My daughter is 8 and she wants to conquer the world with a lemonade stand.
When I was a kid, I put one up too, in our colony in Madras. It did fairly good business.
Why lemonade? Well, it’s healthy, hydrating, simple to make, yummy. Also, when life gives you lemons, you make lemonade. Beyoncé will agree, right?
Beyond the universality of it, there is something empowering about a lemonade stand. If you check the news recently, so many children have used it to raise awareness about autism or to raise money for a war veteran.
Here’s what you can do when you get your child to put up a lemonade stand
1. Take away the freebies
Many people argue that a lemonade stand doesn’t really teach entrepreneurial skills.
Kids have their parents’ money to buy the material and they can use their tables and chairs or rent a kiosk. These costs don’t come into the picture.
As parents, we can encourage them to save up for these expenses way before they set up the stand.
This will give them a broader view of how entrepreneurship works.
2. Play hardball
When I was selling lemonade in my colony, everyone stopped by to buy some and to compliment me. My parents were proud and bought so many cups!
My uncle, on the other hand, played the no-nonsense, realistic customer. He made me really work hard to sell what I was selling. In friendly but persistent tones, he asked, why should I buy your lemonade? Because it’s fresh, I said.
Uncle: Can I have it for less?
Me: No, because I squeezed it myself.
Uncle: Why is the cost so high?
Me: Because I spent time getting good lemons and making sure that I strained all the seeds out.

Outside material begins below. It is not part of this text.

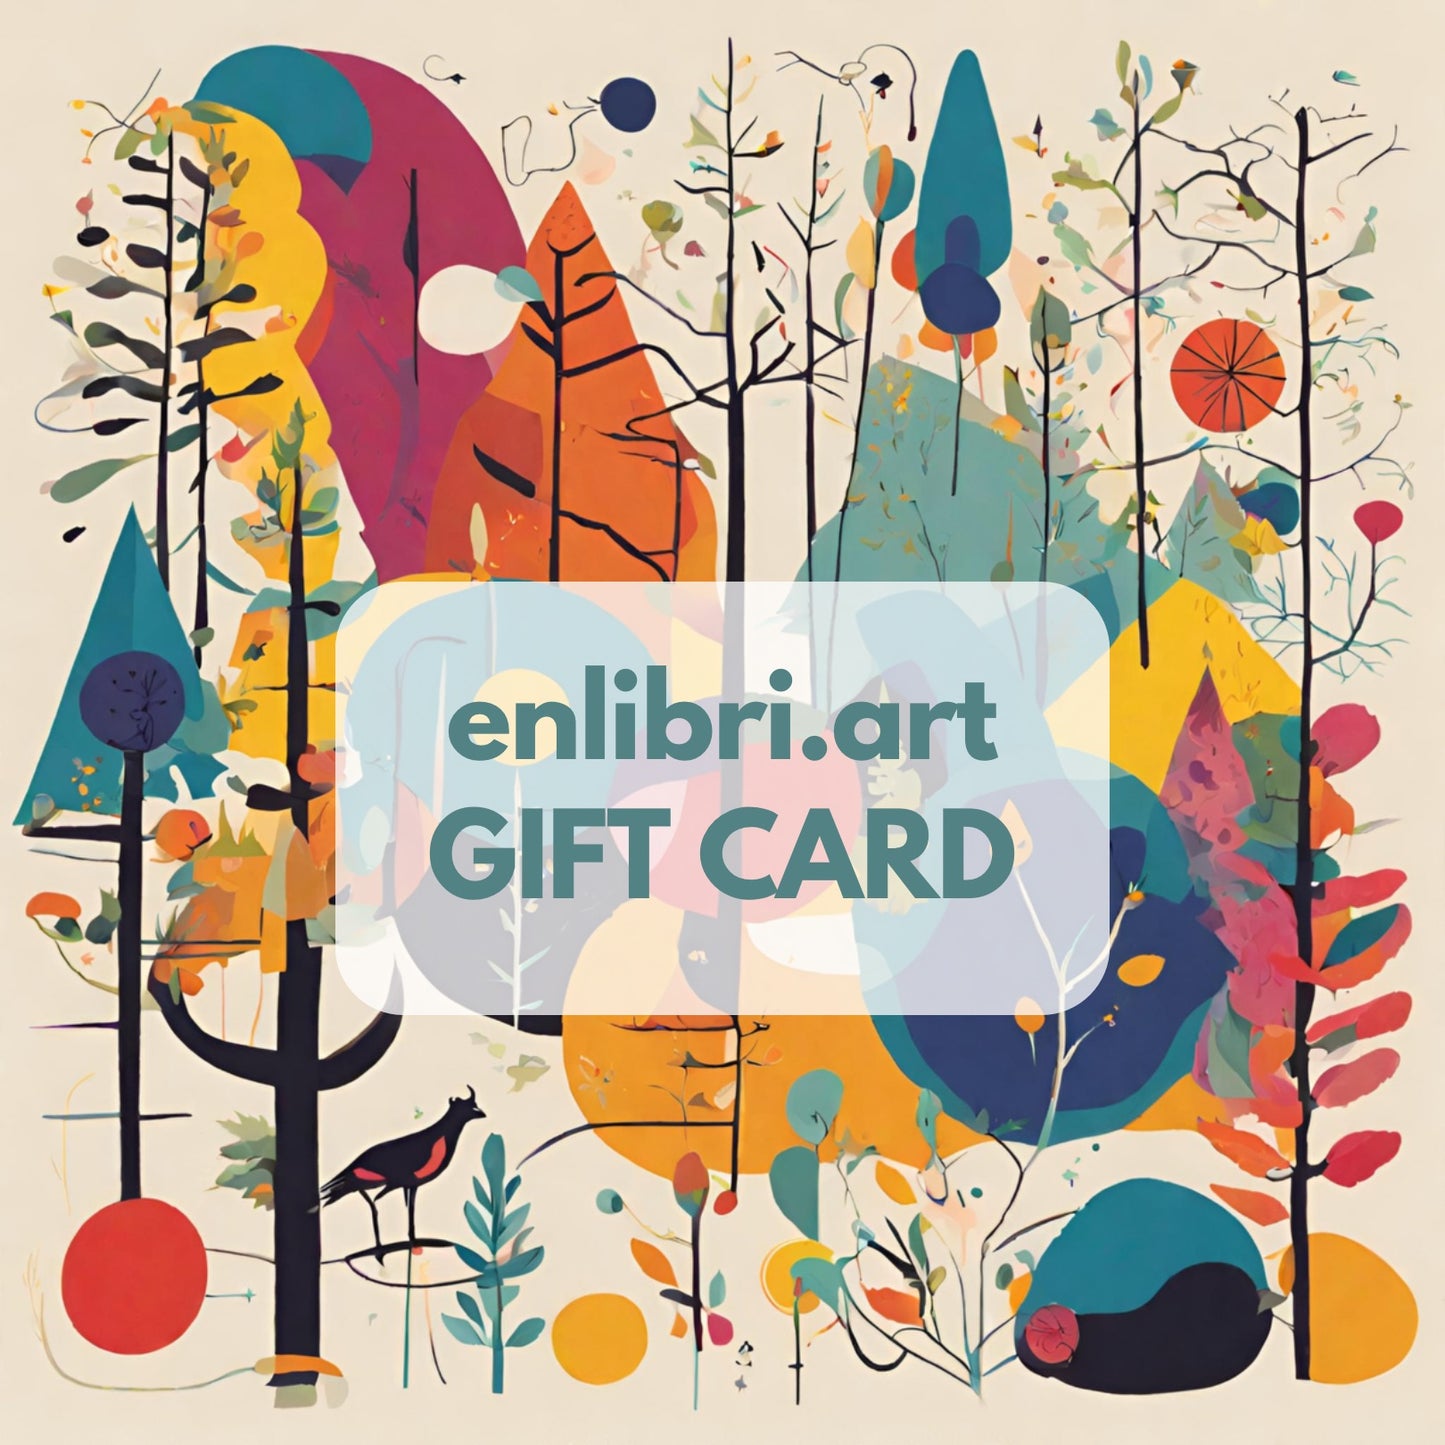 Enlibri ART GIFT card
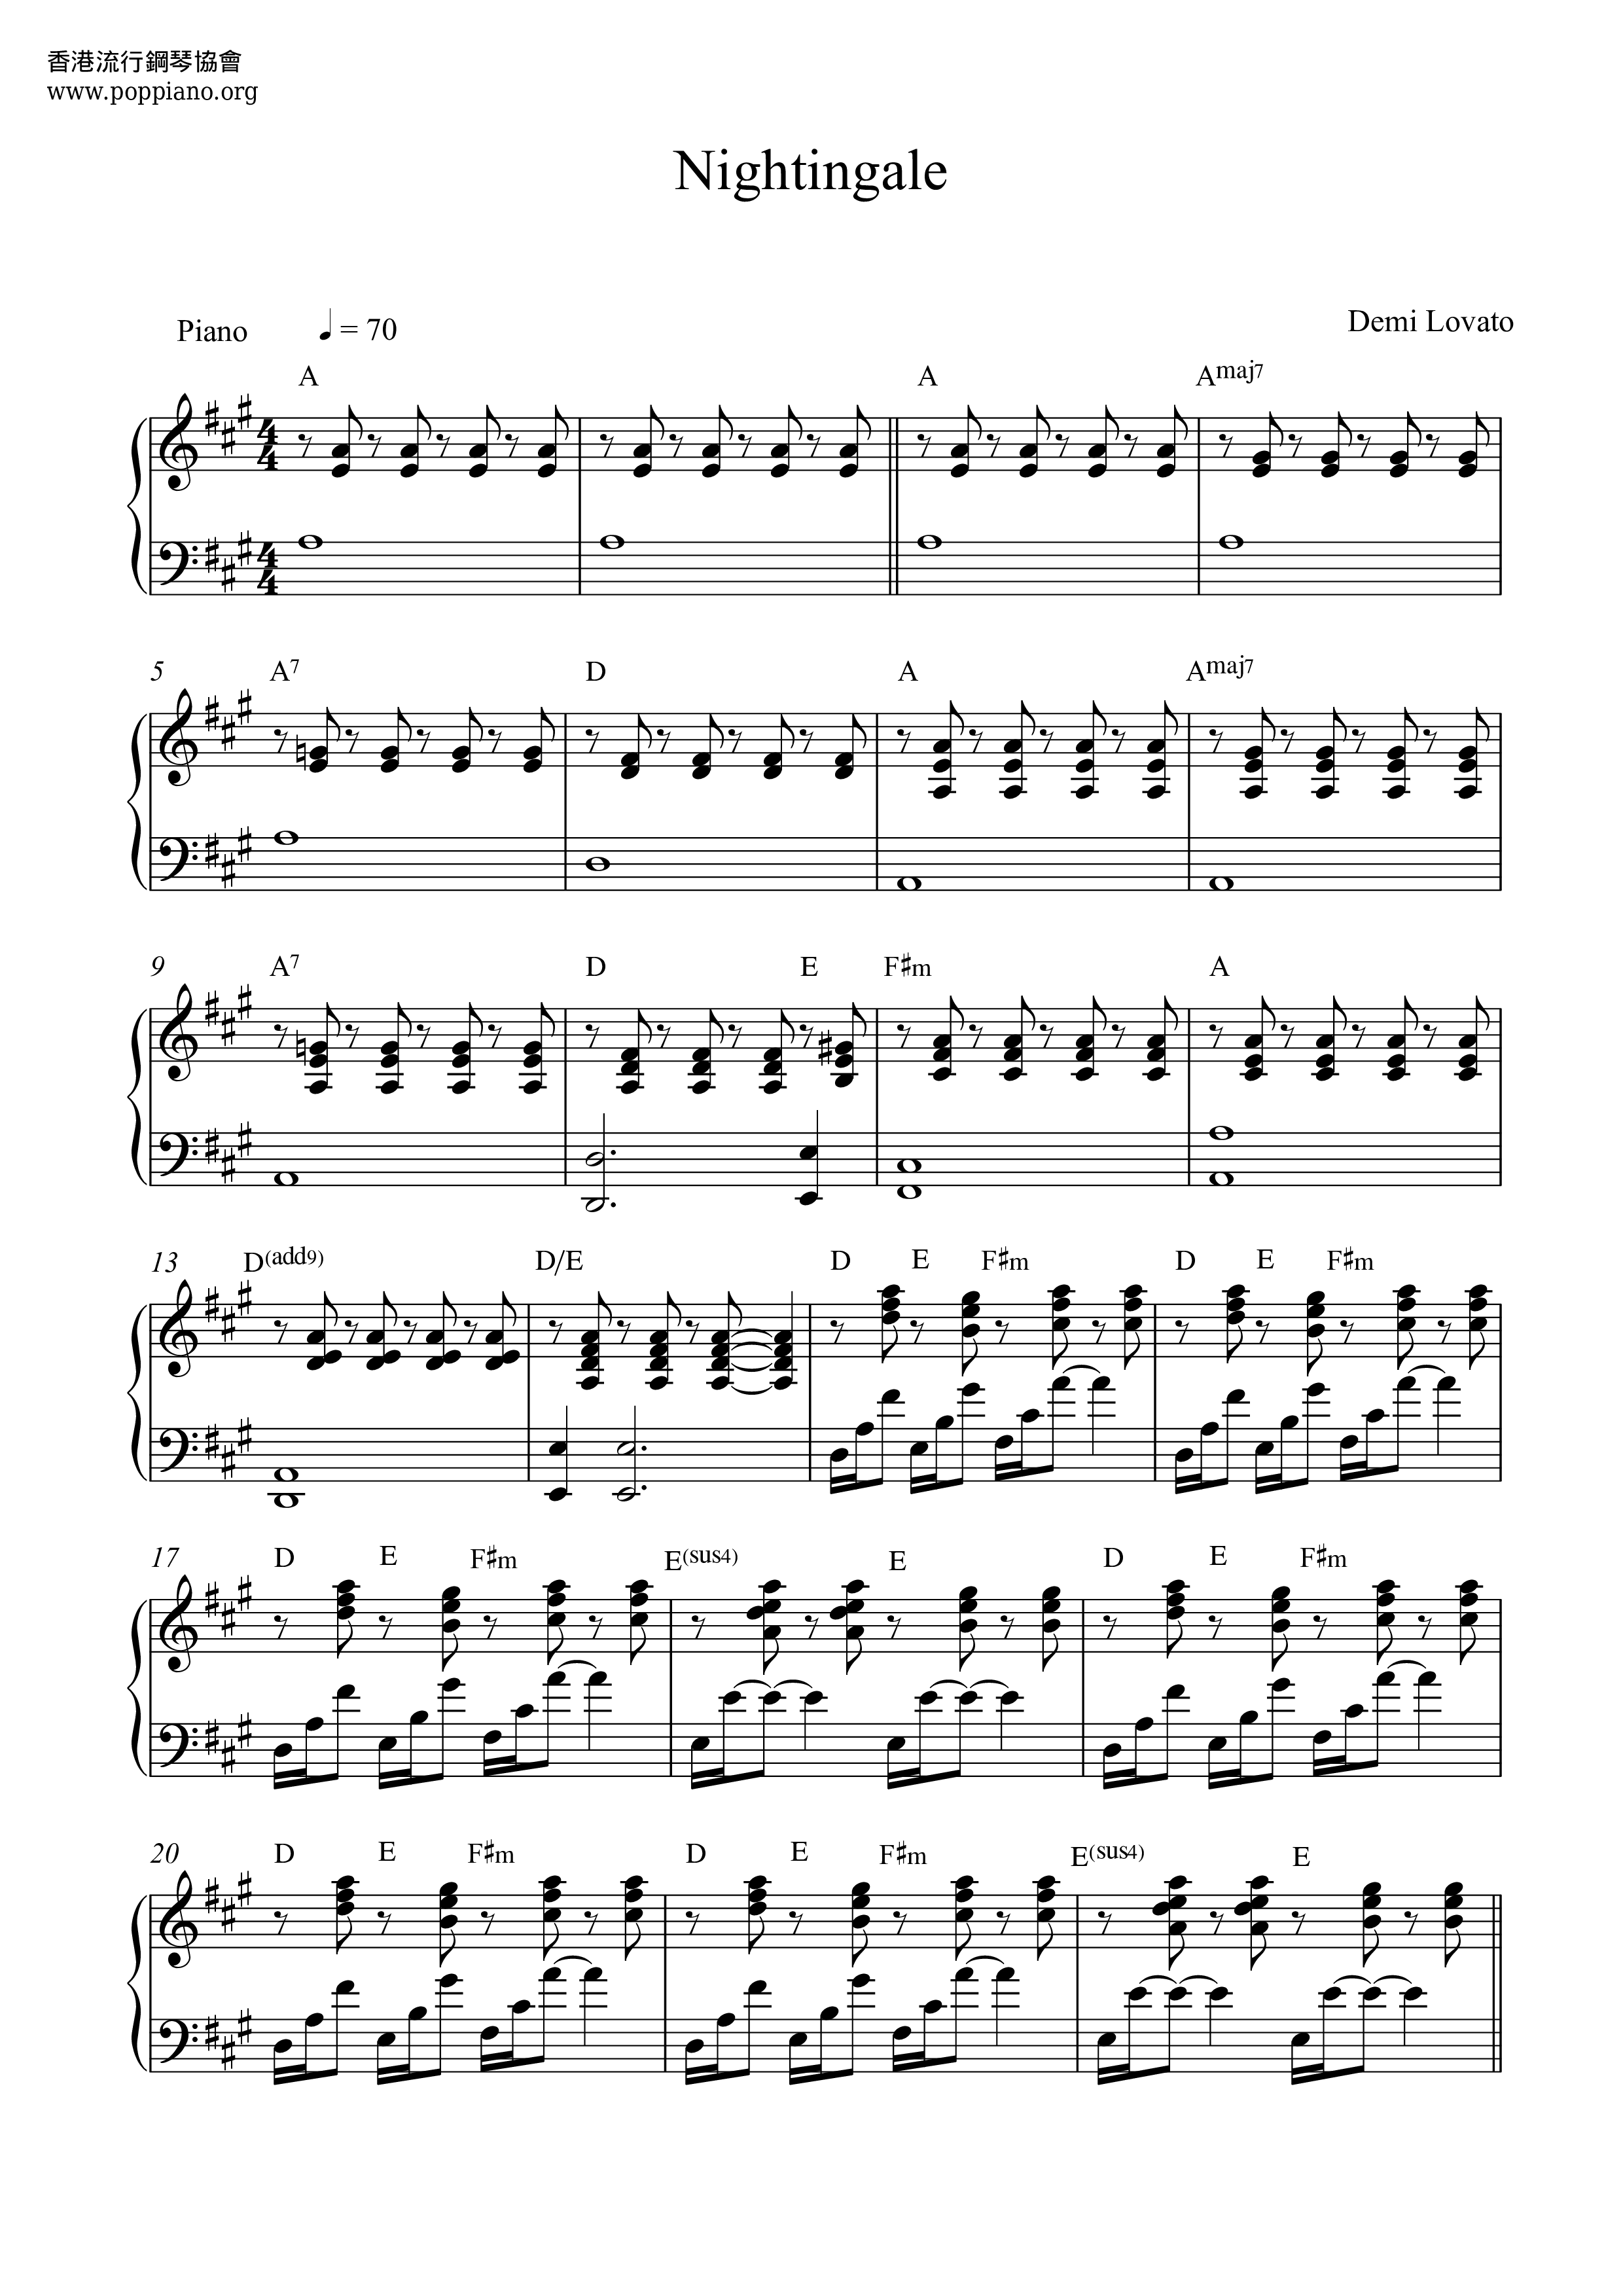 Nightingale Score

I had to answer every one and not buckle under the pressure. Were my answers astute? Not really. Maybe they were childish but it really gave me tremendous insight into how sales works and how to negotiate.
3. Learn the accounting basics
How do you price your lemonade?
How many cup sizes do you come up with?
How do you one-up a competing lemonade or food stand?
How do you make a profit?
The reality is that a lemonade stand is a fantastic way to teach a child the basics of accounting. Don’t believe us? Here’s a book to prove it!
4. Cross-sell and improvise
At six, entrepreneur Gary Vaynerchuck opened a lemonade stand. That’s not all. He franchised it!
He would go around in his bike, collecting money from all of his 8 franchises.
One of the franchise owners, a kid, was equally smart and would hold out one or two dollars from Gary.
But Gary let it slide because this kid was an ace with customers and sold more than any other franchise owner.
5. Connect the dots
In this article in Forbes, Chris Myers talks about how his son had a stroke of genius when putting up a lemonade stand. He cross-sold cookies with the lemonade, because that’s what people like with their drinks.
But here’s the really brilliant part. He displayed some of his artwork alongside the food and drinks! Isn’t that genius?
They were up for sale and people ended up buying all of them. He also realized that people stopped at lemonade stands because of the cuteness factor and he was unafraid to sell himself.
An invaluable life skill for the future will be the ability to connect the dots and to think in a multi-disciplinary manner.
There is a name for this and entrepreneurs swear by it. It is called associative thinking. For instance, the April Toka Box is a masterclass in associative thinking for kids. It links a picture book on butterflies to engineering!
Really, the sky’s the limit with a lemonade stand. All you need to do is to improvise!